Under prevailing wage rules, employees working on government contracts must be paid at comparable rates to workers in the same field in the same region. Such regulations have been opposed by many construction industry groups, which allege they favor certain groups of workers, are more expensive to taxpayers, are overly burdensome to administer and distort the market.
Tucson and Phoenix both passed prevailing wage ordinances after voters twice approved laws to allow cities to set minimum wages greater than the state or federal minimums. The cities argued the minimum wage law provided authority to require prevailing wages as well.
In 2023, Arizona Attorney General Kris Mayes issued an opinion supporting the minimum wage/prevailing wage argument, and Tucson and Phoenix passed ordinances requiring prevailing wage agreements for contracts of $2M or more in 2024.
Three civic interest and contractor-related groups filed a lawsuit that argued the minimum wage laws did not supersede the 1984 prohibition, stressing a fundamental difference between “minimum wage” and “prevailing wage.” A Maricopa County Superior Court ruling in 2024 struck down the ordinances. That ruling was appealed.

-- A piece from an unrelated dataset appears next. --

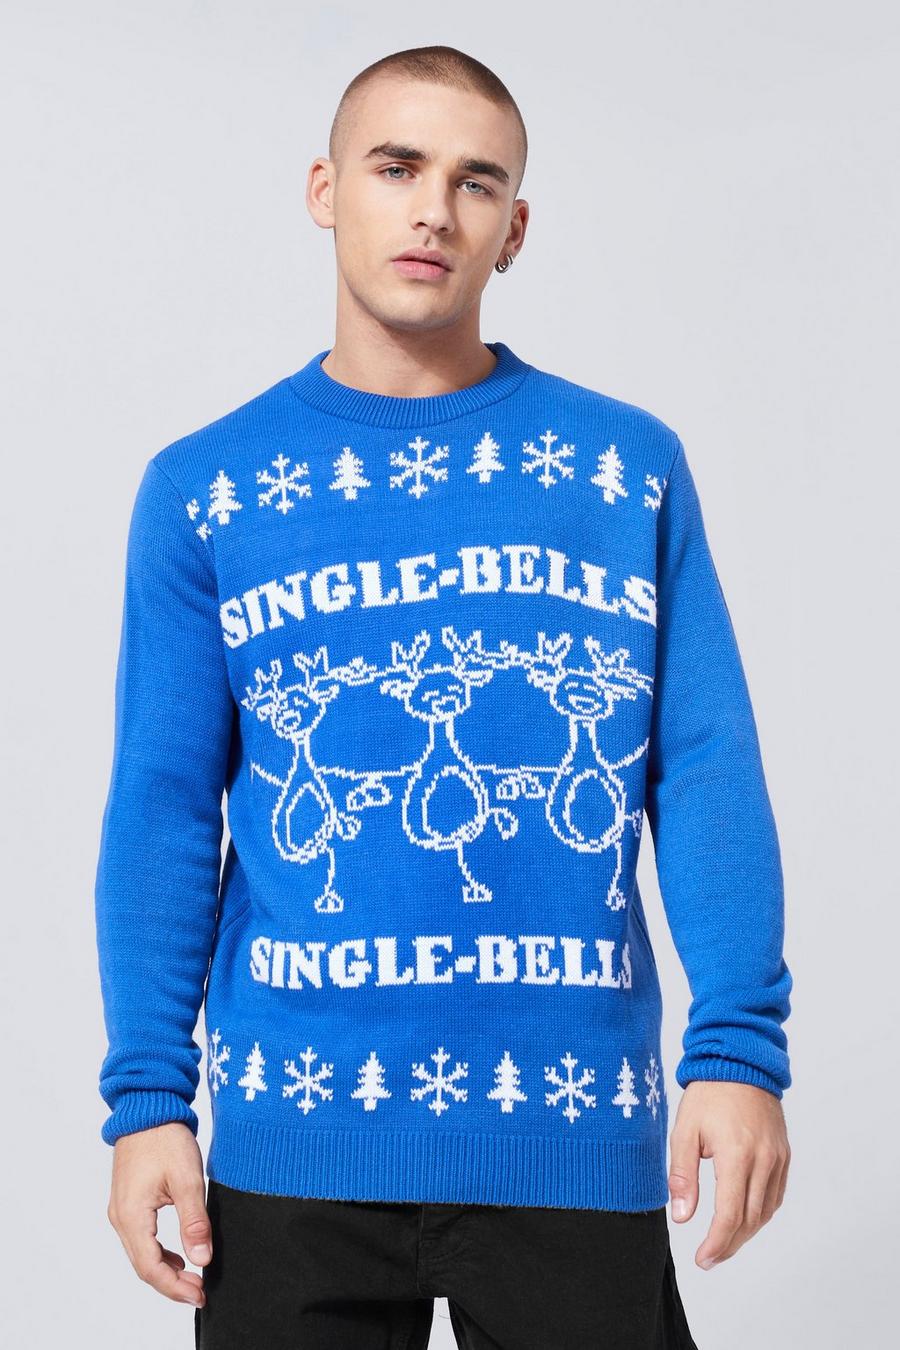 Maglione natalizio con slogan Single Bells, Navy
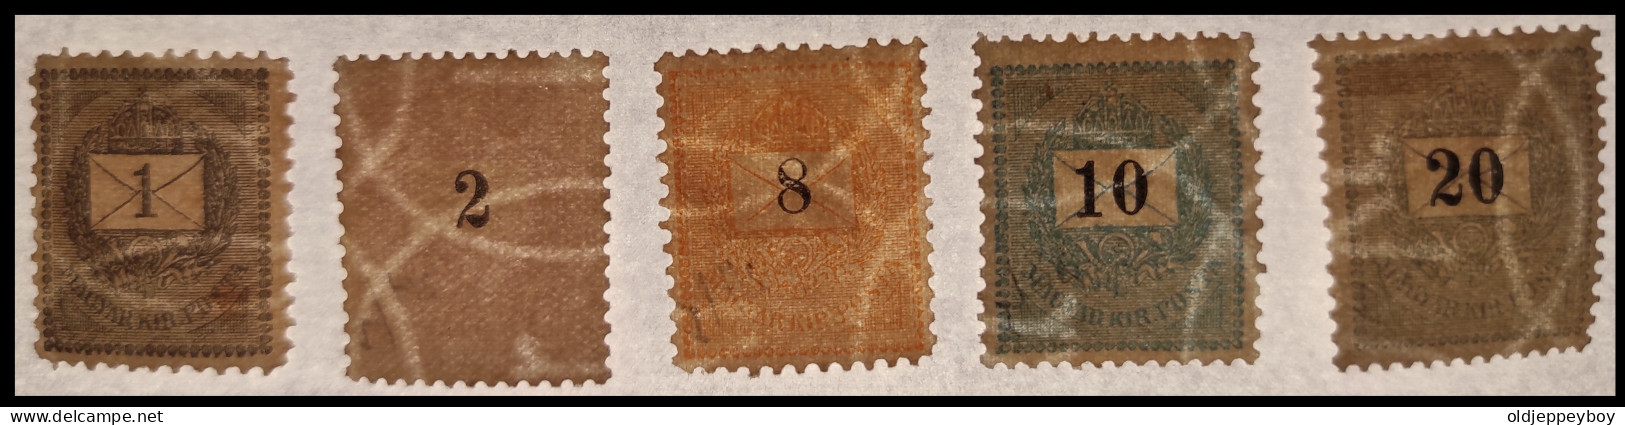 HONGRIE - HUNGARY - UNGARN / 1888 Typo. Perf. 12 X 11 1/2  & 11.5 X 11.5 WMK 132 RARE HIGH VALUE MLH FULL GUM - Unused Stamps

The arguments presented to the Appeals Court became highly nuanced. Both sides even offered a different definition of “wage.”
The Court, however, chose to focus on what the minimum wage authorizing laws specifically do and do not address. Using that criteria, the three-judge panel found nothing in the 2006 or 2016 laws specifically addressed or countered the 1984 prohibition.
Appellate Court Judge Michael Catlett said the minimum wage laws were intended to make sure “all working Arizonans deserve to be paid a minimum wage that is sufficient to give them a fighting chance to provide for their families.” He also said enabling local governments to set their own minimums to address local conditions serves that goal.
He went on to say, however, “…allowing local government to contractually require prevailing wages for certain employees performing certain work on certain projects does not.” He wrote prevailing wages only benefit “a subset of the city’s citizens when they perform certain work on a subset of projects.”
Local officials have said they are reviewing the ruling and have not yet indicated if they plan to advance the matter to the Arizona Supreme Court for review.